No final da década de 1970, período de consolidação da Teologia da Libertação, a experiência da Ação Popular e sua relação com a história do catolicismo voltariam a ser analisadas por intelectuais oriundos da JUC  ou identificados com as mudanças de perspectivas da Igreja Católica. Nessa época, conhecia-se o fato de Gustavo Gutierrez, quando preparava seu clássico livro sobre a Teologia da Libertação, publicado em 1971, ter vindo ao Brasil para entrevistar cristãos militantes do período 1960-1963 e refletir sobre a práxis da esquerda católica daqueles anos, como apontou Luiz Alberto Gomes de Souza, autor de importante contribuição para os estudos a respeito da interface da AP com o catolicismo.
Ex-dirigente da JUC e fundador da AP, esse autor demarca as diferenças de projetos entre os dois movimentos. Em 1960, esclarece, falava-se de uma esquerda cristã, que pudesse abrigar jovens profissionais e jucistas. Em 1961 e em 1962, com a ampliação de horizontes, pautou-se a organização “de um movimento de esquerda onde os cristãos participassem” (GOMES SOUZA, 1984, p. 198). Por isso,
Essa geração foi chegando ao socialismo, mas não ao socialismo cristão, nem tampouco ao socialismo derivado do cristianismo. Ainda que a discussão tivesse começado no âmbito de movimentos cristãos da AC (Ação Católica), logo passou a ser uma caminhada em comum com pessoas de diferentes origens, analisando o processo histórico das lutas populares e os contornos de um futuro projeto político. Daí o surgimento da Ação Popular, impropriamente considerada por muitos analistas como um movimento de esquerda cristã, mas que pretendia ser, desde o início, um movimento pluralista, embora não se possa negar que a biografia da maioria de seus criadores estivesse condicionada por suas origens cristãs (GOMES SOUZA, 1987, p. 101).

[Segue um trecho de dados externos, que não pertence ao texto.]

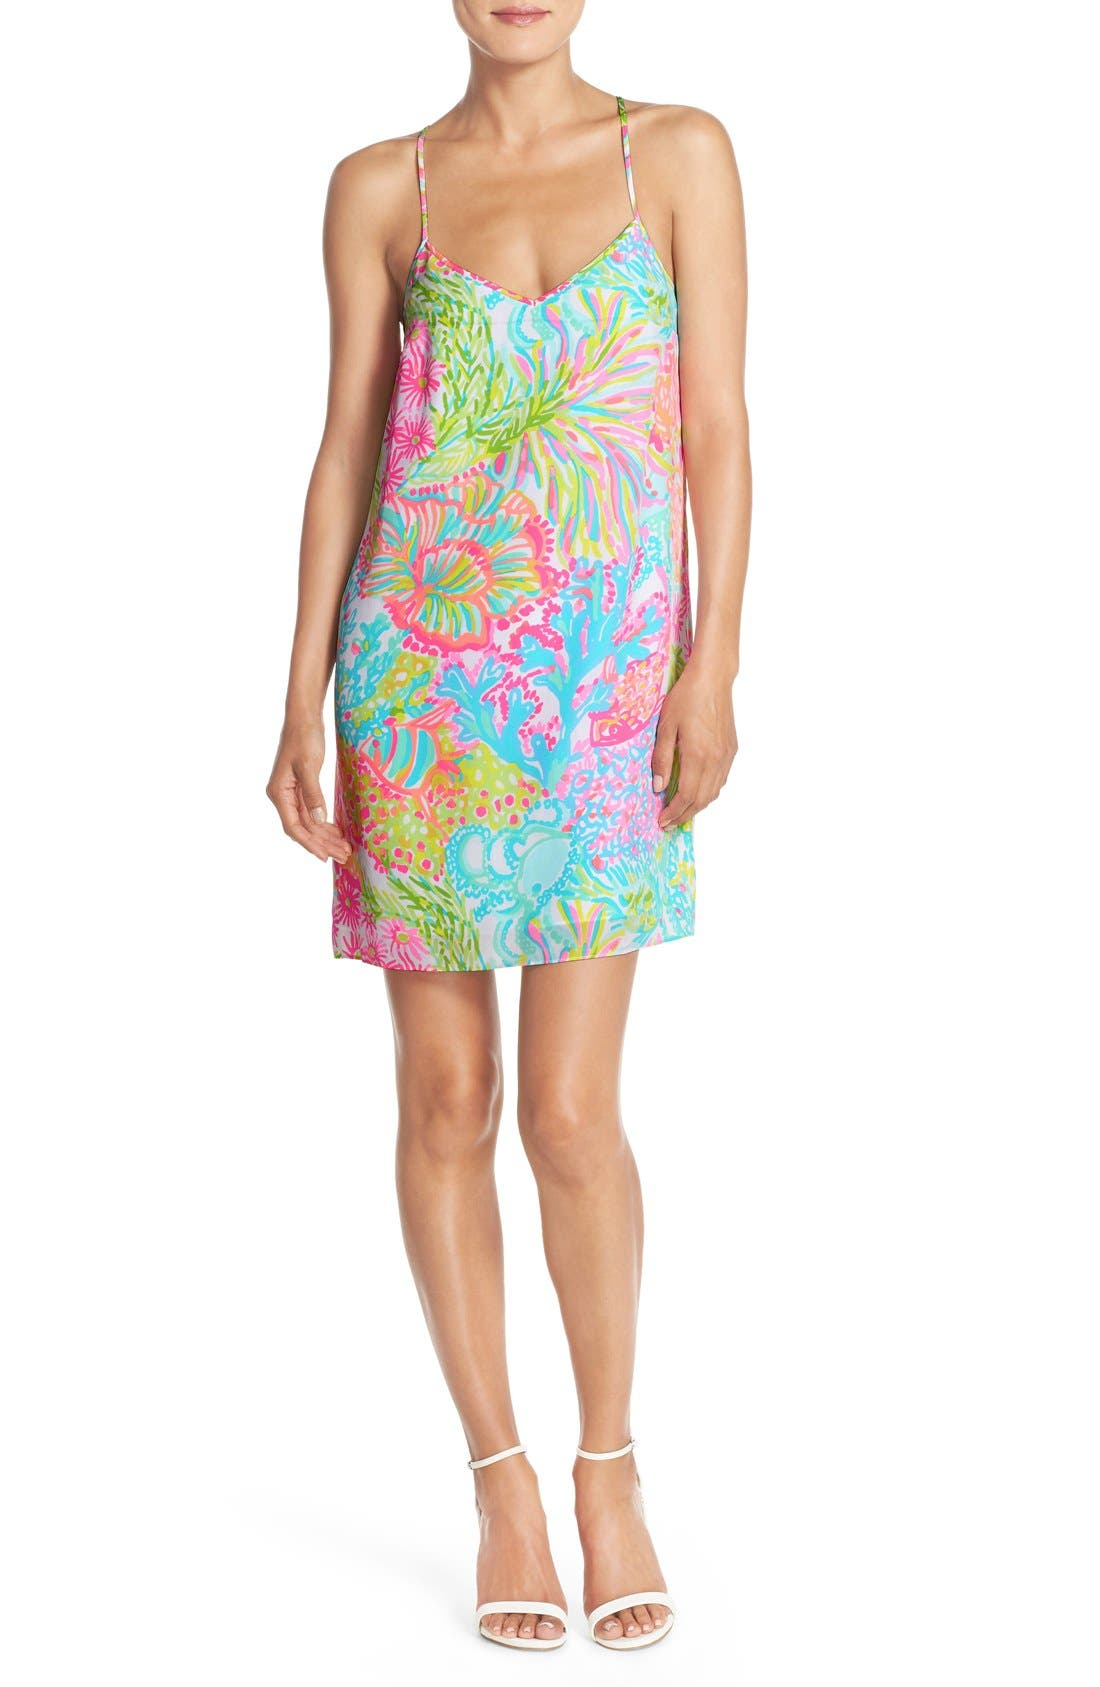 Alternate Image 1 Selected - Lilly Pulitzer® 'Dusk' Print Silk Slipdress

Analisando o Documento Base, destaca que, em sua perspectiva histórica, a socialização e a personalização estão dialeticamente condicionadas. Na perspectiva filosófica, sobressai a relação entre a consciência e o mundo (GOMES SOUZA, 1984, p. 199). Quanto ao horizonte socialista, aponta a crítica às formas de alienação política geradas pelas experiências históricas (GOMES SOUZA, 1984, p. 200). Em intervenção posterior, é bastante direto quanto a esses temas, assinalando a recusa de uma consciência reflexo do mundo (determinismo das condições materiais) e a opção por um socialismo democrático, em coerência com a crítica às experiências autoritárias (GOMES SOUZA, 1987, p. 101).
Não havia, em seu entender, uma reflexão prévia e acabada como ponto de partida, mas uma experiência, até certo ponto hesitante, que se iniciara, para muitos militantes, ainda nos tempos da JUC. A “experimentação” e a “teorização” gradual demarcavam, “ao mesmo tempo, a originalidade e a aparente fragilidade do movimento, diante de outros grupos ideológicos que já têm naquele momento soluções preparadas e tiradas de seu baú de “posições corretas” (GOMES SOUZA, 1984, p. 200). A fragilidade, vista retrospectivamente, decorria do fato de que, até março de 1964, houve pouco tempo “para um debate aberto e público que permita compatibilizar, corrigir e melhorar a prática, com um pensamento cuja elaboração se faria aos poucos. Essa pelo menos  era a intenção em 1963” (GOMES SOUZA, 1984, p. 201).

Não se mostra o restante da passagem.